Abstract

AbstractIn probabilistic flood modeling, uncertainty manifests in frequency of occurrence, or histograms, for quantities of interest, including the Flood Extent and hazard rating (HR). Such modeling at the field‐scale requires the identification of a more efficient alternative to the Standard Monte Carlo (SMC) method that can reproduce comparable output probability distributions with a relatively reduced sample size, including detailed histograms of quantities of interest. Latin hypercube sampling (LHS) is the most evaluated alternative for fluvial floods but yields no considerable sample size reduction.
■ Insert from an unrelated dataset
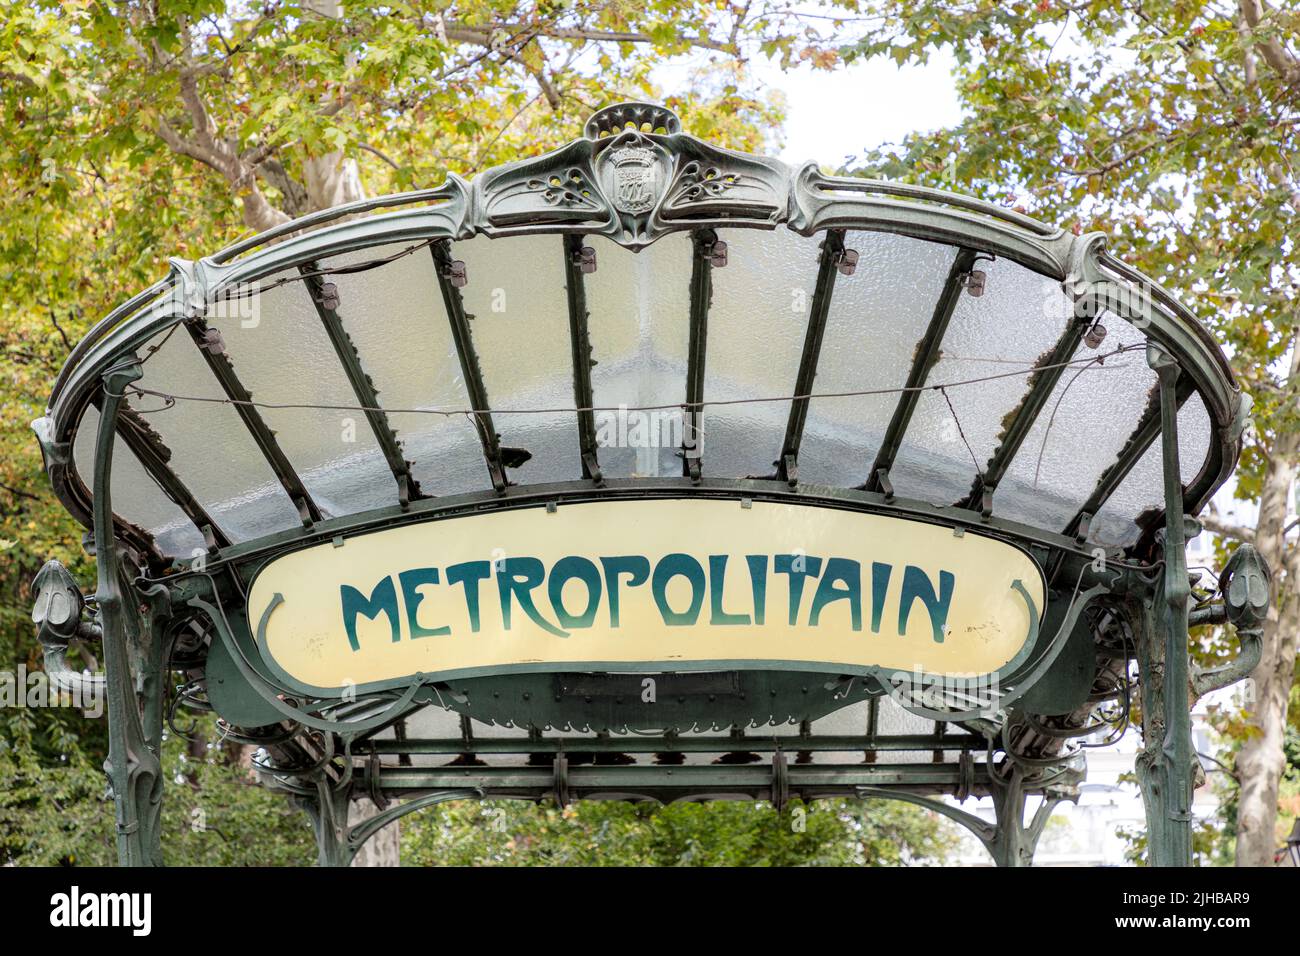 Cartel del Metro de París y dosel de cristal - Diseñado por Hector Guimard, un renombrado arquitecto y diseñador Art Nouveau, París, Ile-de-France, Francia Foto de stock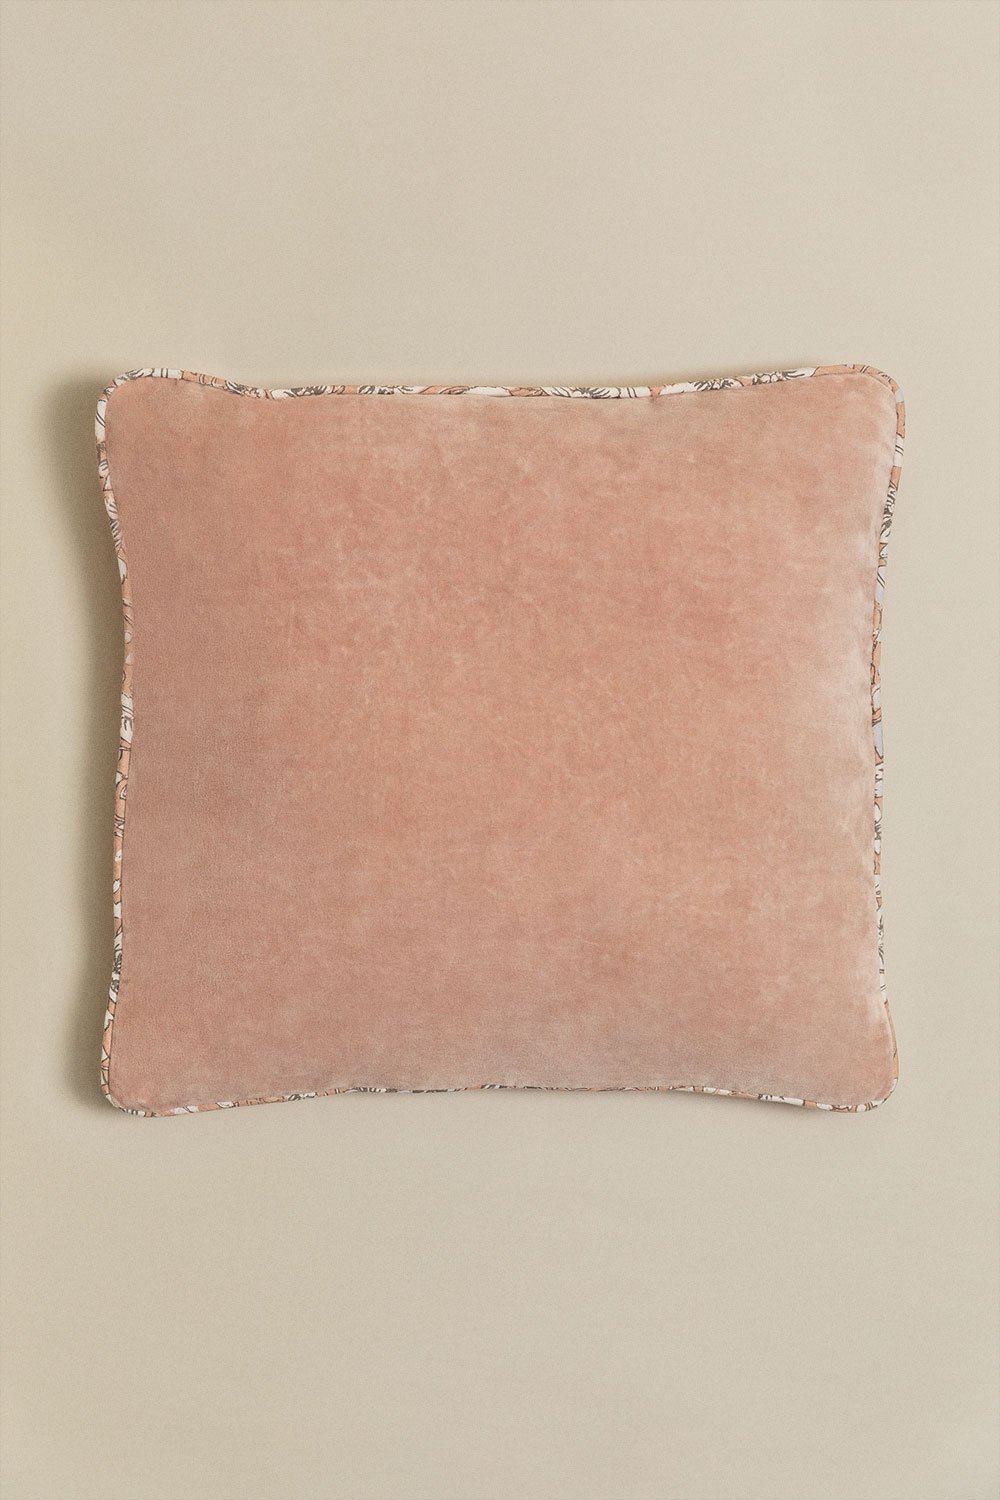 Kwadratowa poduszka aksamitna (45x45 cm) Arjona , obrazek w galerii 1

Potentially better alternatives include adaptive stratified sampling (ASS), Quasi Monte Carlo (QMC) and Haar‐wavelet expansion (HWE), which are yet unevaluated for probabilistic flood modeling. To fulfill this gap, LHS, ASS, QMC, and HWE are compared to quantify sample size reduction to reproduce output detailed histograms—for Flood Extent, and average and maximum HR—while keeping the difference below 10% to the reference SMC prediction. The comparison is done for two test cases with two (i.e., inflow discharge and Manning's coefficient) and three (i.e., further including the ground elevation) input random variables, and a real case with five input random variables. With two input random variables, all four alternatives yield sample size reductions, with QMC and HWE considerably outperforming the others; with three and more input random variables, HWE becomes inflexible and LHS underperforms. Still, QMC is a better choice than ASS to boost sample size reduction for the real case and shall be preferred in probabilistic flood modeling. Accompanying research codes are openly available online.